You could cover more than 80% of our population just cabling up (literally)
about half a dozen reasonably dense cities.

The actual reason is political. One side of politics privatised the state
owned monopoly telco, creating a single huge, anti-competitive behemoth. That
made progress with the internet stagnate for a decade. Then the other side got
in, tried to work with the telco but they wouldn’t budge, and then surprised
everybody by deciding to just build a provider-neutral network that was FTTP
to 90-93% of the population. This was going fine - a few months behind
schedule but on budget (projected at AU$44.1bn) after a few years.
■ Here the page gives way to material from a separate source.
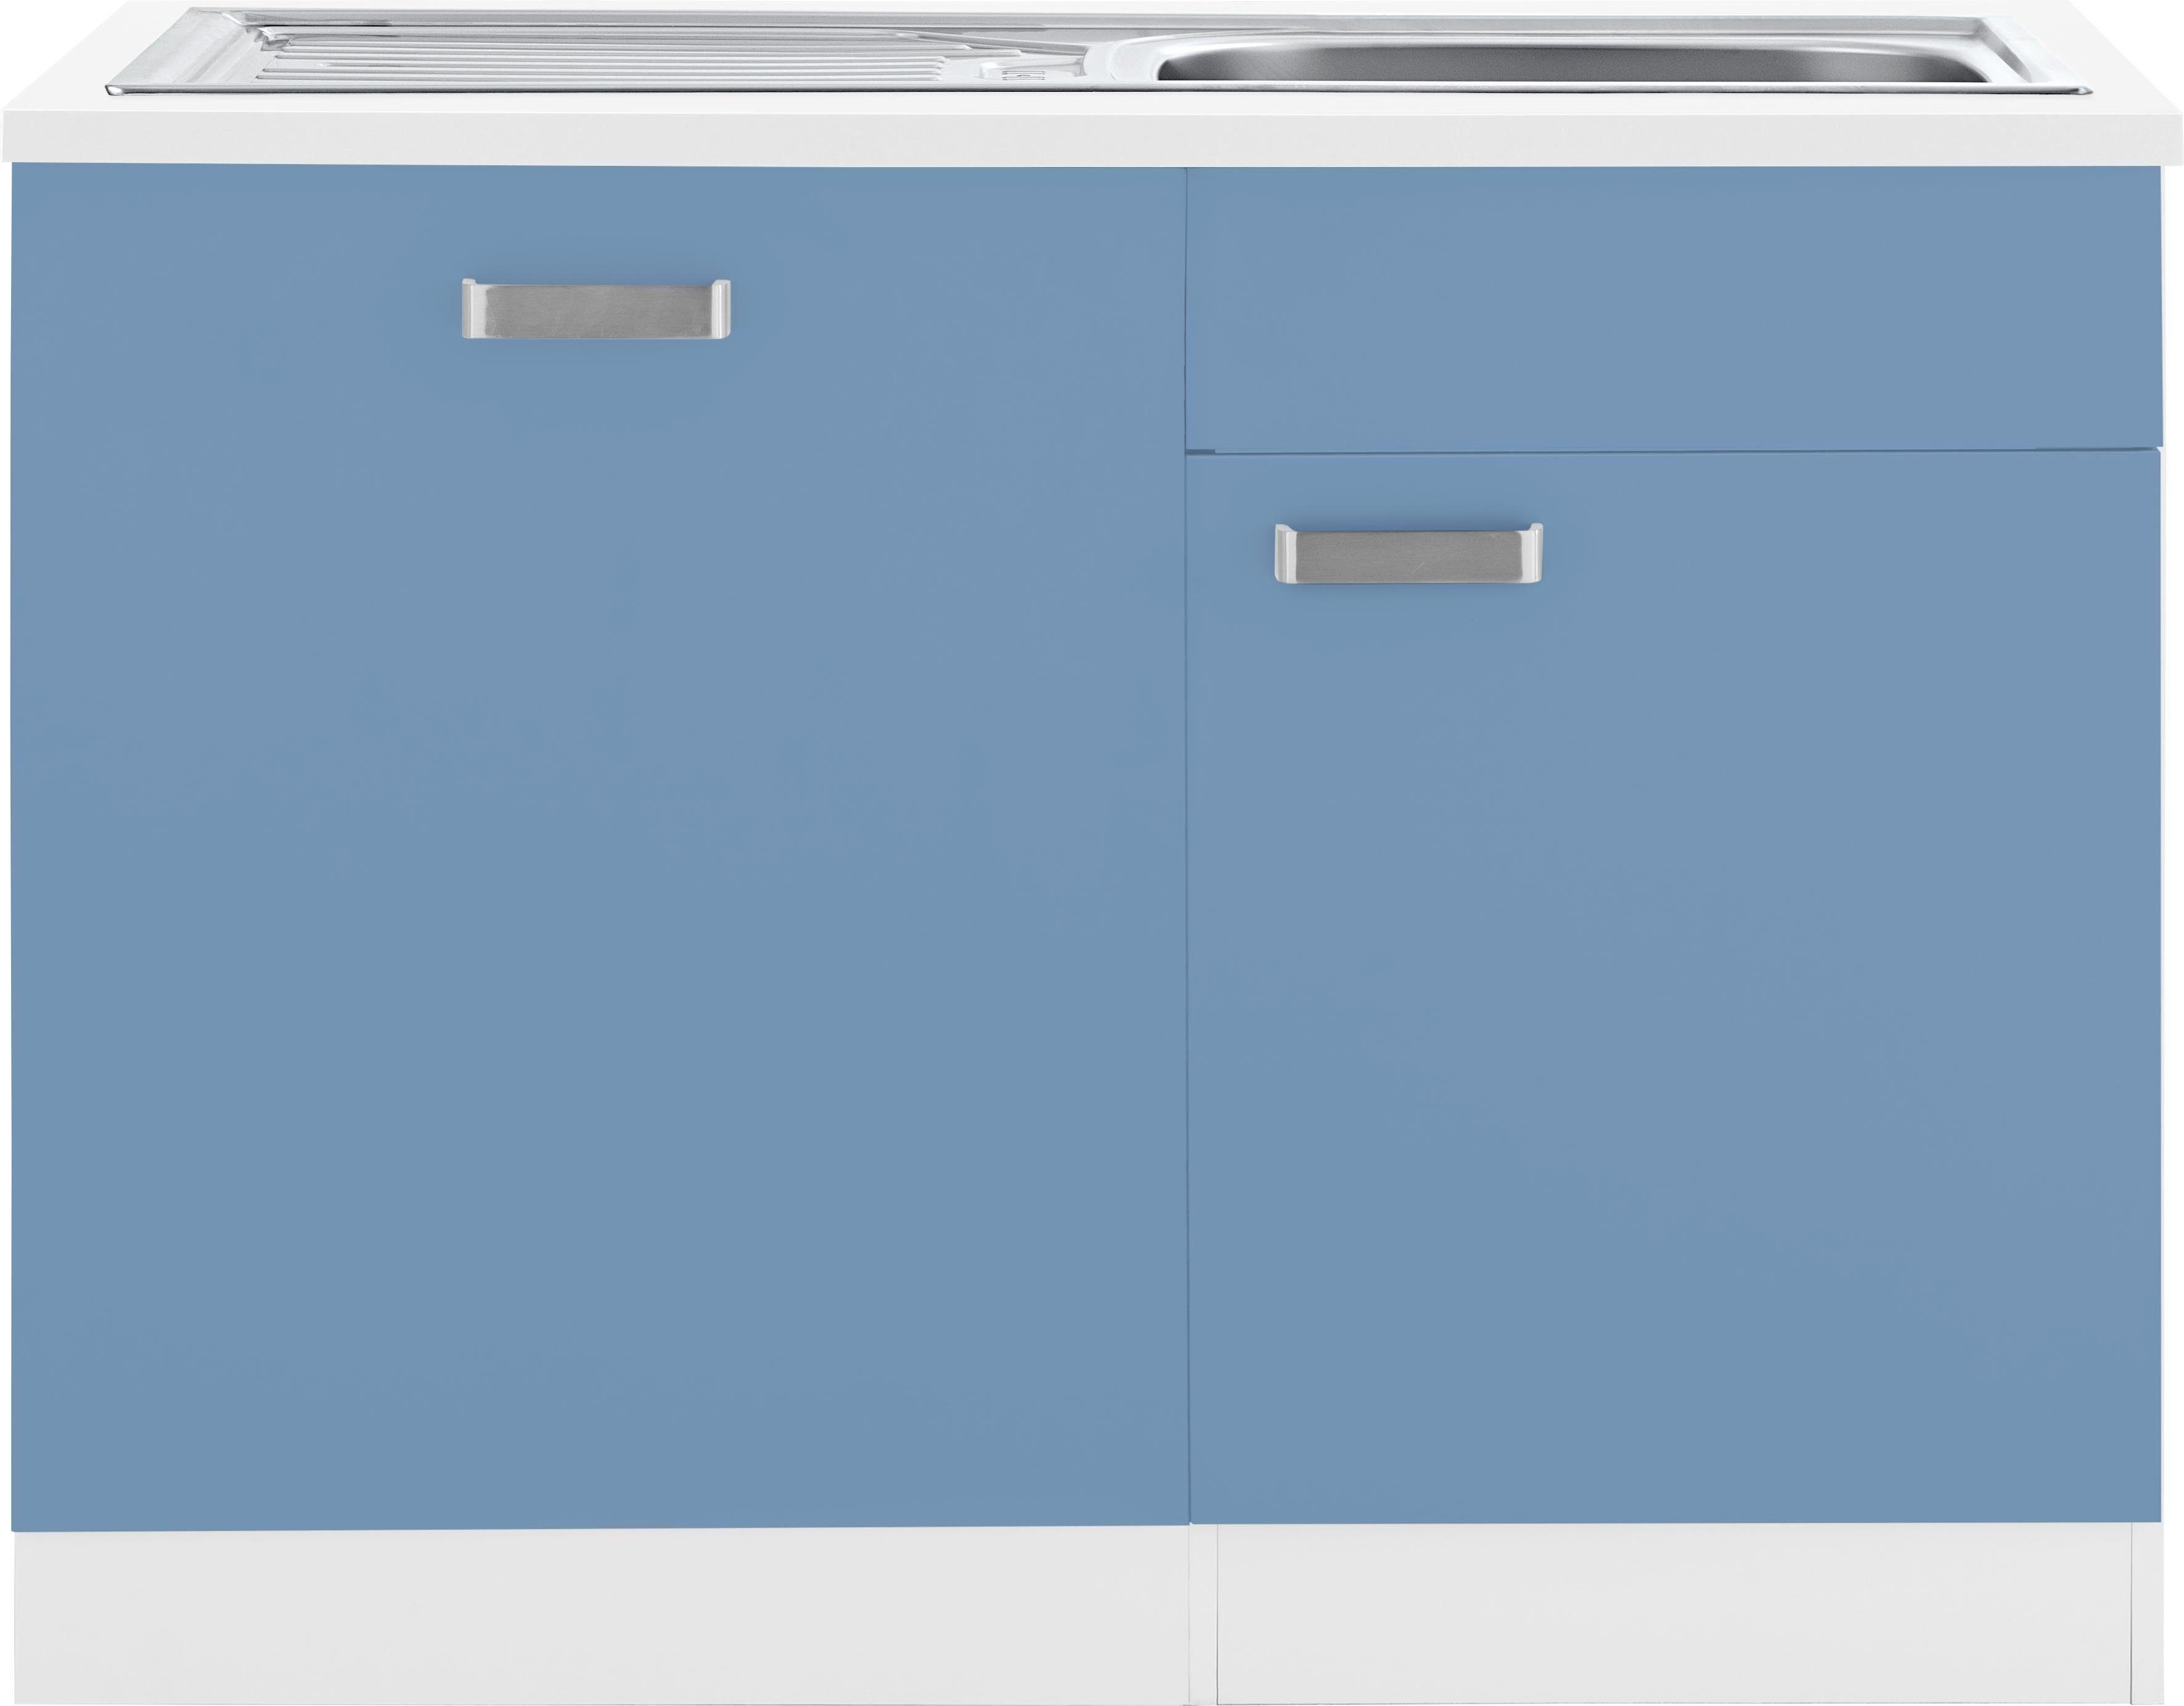 wiho Küchen Spülenschrank Husum 110 cm breit, inkl. Tür/Sockel für Geschirrspüler

But the opposition managed to convince a bunch of people in the media that it
was hugely over-budget (despite the fact it wasn’t, _and_ that all their
financials were on the public record) and that a sensible solution was to stop
that, and instead buy the old copper networks off the incumbent provider and
spend a few billion to do a bit of an upgrade. They were “absolutely confident
25 megs is enough for anyone” and said this would cost max $29bn. They won
Government, turned the network on its head and it’s just been one problem
after another with huge widespread service quality issues, massive cost
overruns, delays etc.

So now the cost of their “more sensible, cheaper, and quicker to build”
network is nearing $60bn and finishing two years later than the original FTTP
schedule (before they won Government, the party that wrecked the project
promised to have it done by the end of 2016!)

So it’s just a big mess. Nobody really knows why they chose to do what they
did when pretty much all the experts said to just continue with FTTP (they
paid some consultants with links to their party to say their idea was great to
get around that). Some say it was business links between party members and the
incumbent telco, or the cable TV network they own half of. Others say it was
because they had a deal with Murdoch (the leader of the opposition actually
happened to have lunch with him the day before they announced their policy)
because he owns the other half of the cable TV network. Perhaps it was just
because they couldn’t accept that it was a good idea the way it was...

------
Stranger43
If the current strategy of making telecommuting the default takes hold post
corvid-19 the governments of the industrialized world is going to be forced to
treat internet the same way it treats other core infrastructure like roads or
railways which means that nationalization will happen if the industry fail to
deliver high speed and low prices to the undeserved rural areas.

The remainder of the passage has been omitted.